Preliminary data in non-human primate models revealed that immunization of BALB/c mice with candidate BNT162b2 induced strong humoral and cellular anti-SARS-CoV-2 responses characterized by high titers of specific neutralizing antibodies and activation of CD8+ and CD4+ T lymphocytes that exhibited a Th1 skewed phenotype. Neutralizing antibody levels were assessed with a VSV-based GFP-encoding vector that had been pseudotyped to present the SARS-CoV-2 S protein on its envelope. When highly diluted sera of immunized mice were preincubated with the VSV/SARS-CoV-2 pseudovirus, they strongly inhibited Vero-76 cells infection as assessed by reduced GFP fluorescence, suggesting that immunized mice displayed high titers of SARS-CoV-2 neutralizing antibodies. Rhesus macaques immunized with two intramuscularly administered doses of BNT162b2 developed high titers of antibodies that were found to neutralize wild type SARS-CoV-2 and developed potent Th1-biased responses. When challenged with the USA-WA1/2020 strain of SARS-CoV-2 immunized animals showed no viral RNA replication in their lungs, whereas in nasal swabs detection was only found in samples obtained the day following the viral challenge and in none of the samples obtained after day 3 post-challenge. Finally, vaccinated animals did not show any clinical signs of disease⁵³.

Results from Phase 1 randomized placebo-controlled clinical trials showed that BNT162b2 generates minimum side effects both in younger (18–55 years old) and older (65–85 years old) participants⁵³. Also, two different candidates were evaluated in these trials, namely BNT162b1 and BNT162b2. Both candidates induced the production of similarly high dose-dependent neutralizing antibody titers against SARS-CoV-2 in the inoculated participants. Indeed, the neutralizing antibody titers were higher or equal to SARS-CoV-2 convalescent sera. Nevertheless, BNT162b2 demonstrated less systemic reactogenicity in older adults and the 30 µg dose of this candidate was, therefore, selected for large-scale Phase 2/3 efficacy studies⁵⁴. T lymphocyte responses were not initially reported for this specific candidate, but based on a previous study on the immunogenicity of BNT162b1⁵⁵ significant activation of specific CD8+ T cell and CD4+ Th1-skewed populations are expected.
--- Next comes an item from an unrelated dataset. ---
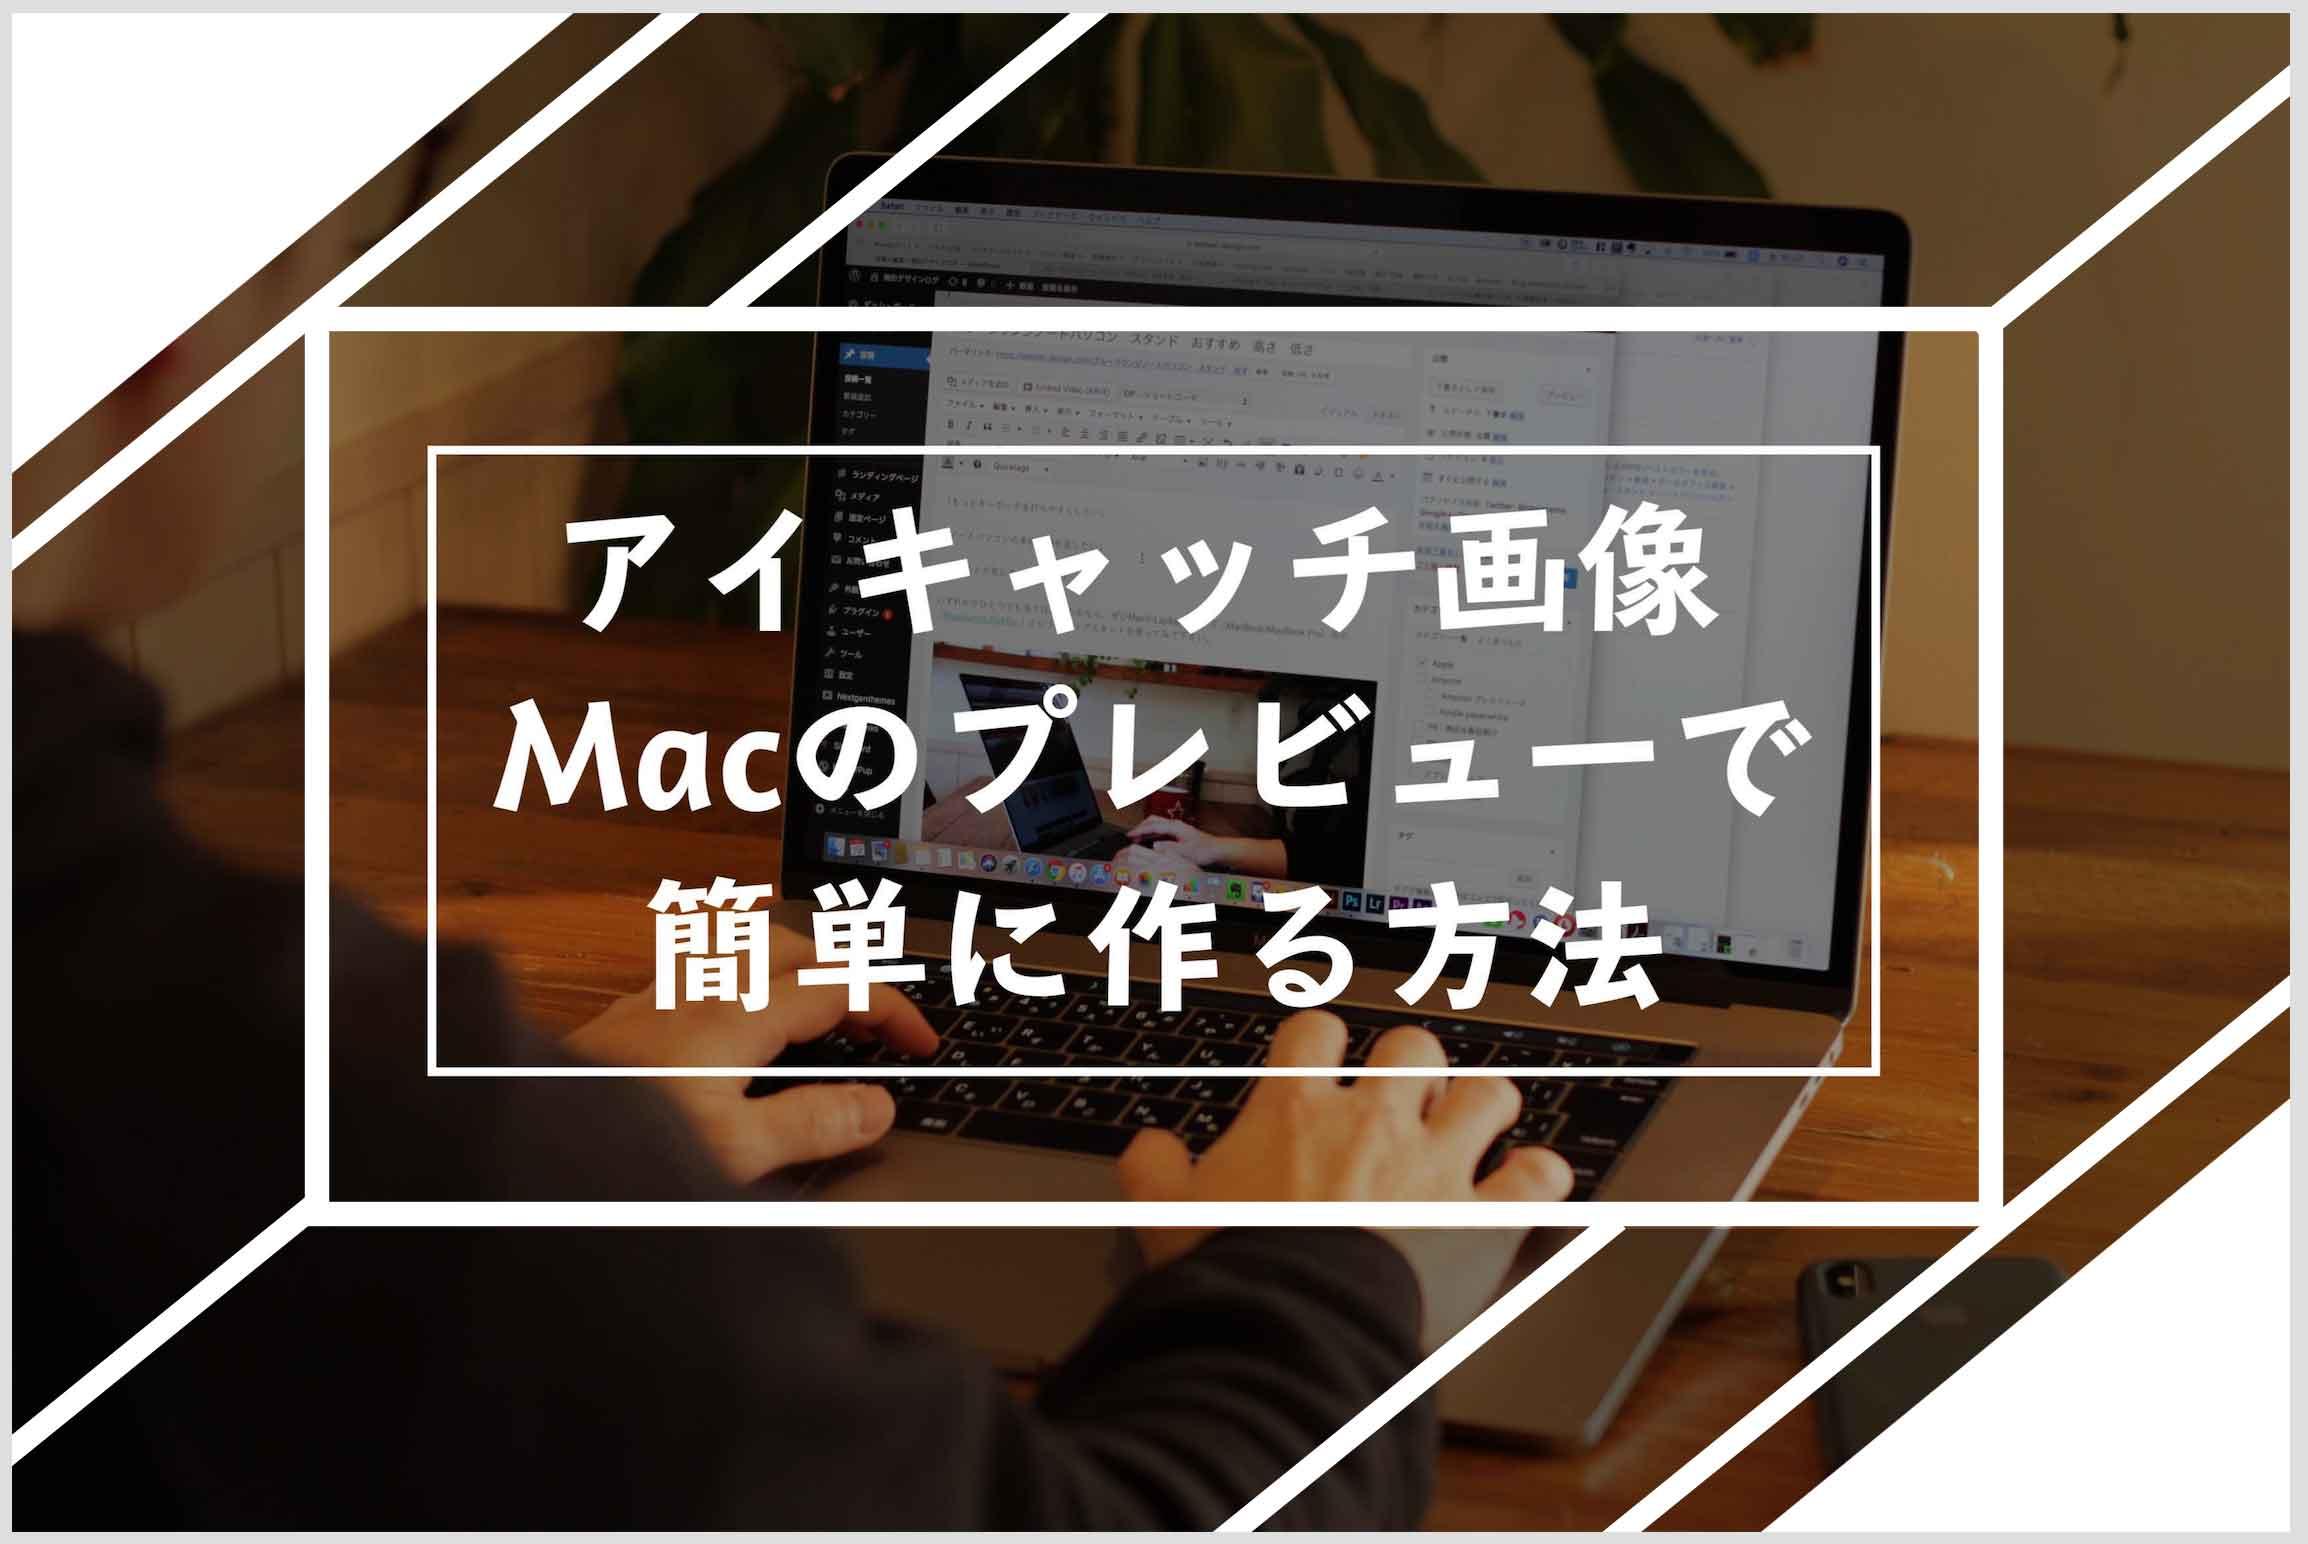 Macのプレビューでアイキャッチ画像を簡単に作る方法

Indeed, a two-dose immunization with 30 µg/dosis of BNT162b1 was found to induce high titers of neutralizing anti-SARS-CoV-2 antibodies and virus-specific Th1 and CD8+ T cell responses⁵⁶. Phase 2/3 safety and efficacy randomised placebo-controlled trials will be conducted in 43,488 volunteers, including individuals with underlying chronic conditions and different genetic backgrounds (Clinical Trial Identifier: NCT04368728).

The trial’s primary endpoint is prevention of COVID-19, and secondary endpoints include prevention of severe COVID-19 and prevention of infection by SARS-CoV-2. The trial is designed to be carried out in 166 clinical investigational sites around the world in at least 3 different continents. The manufacturing capacity of Pfizer will permit a global supply of up to 50 million doses by the end of 2020 and 1.3 billion doses by the end of 2021 if their vaccine candidate achieves authorization (Fig. 1).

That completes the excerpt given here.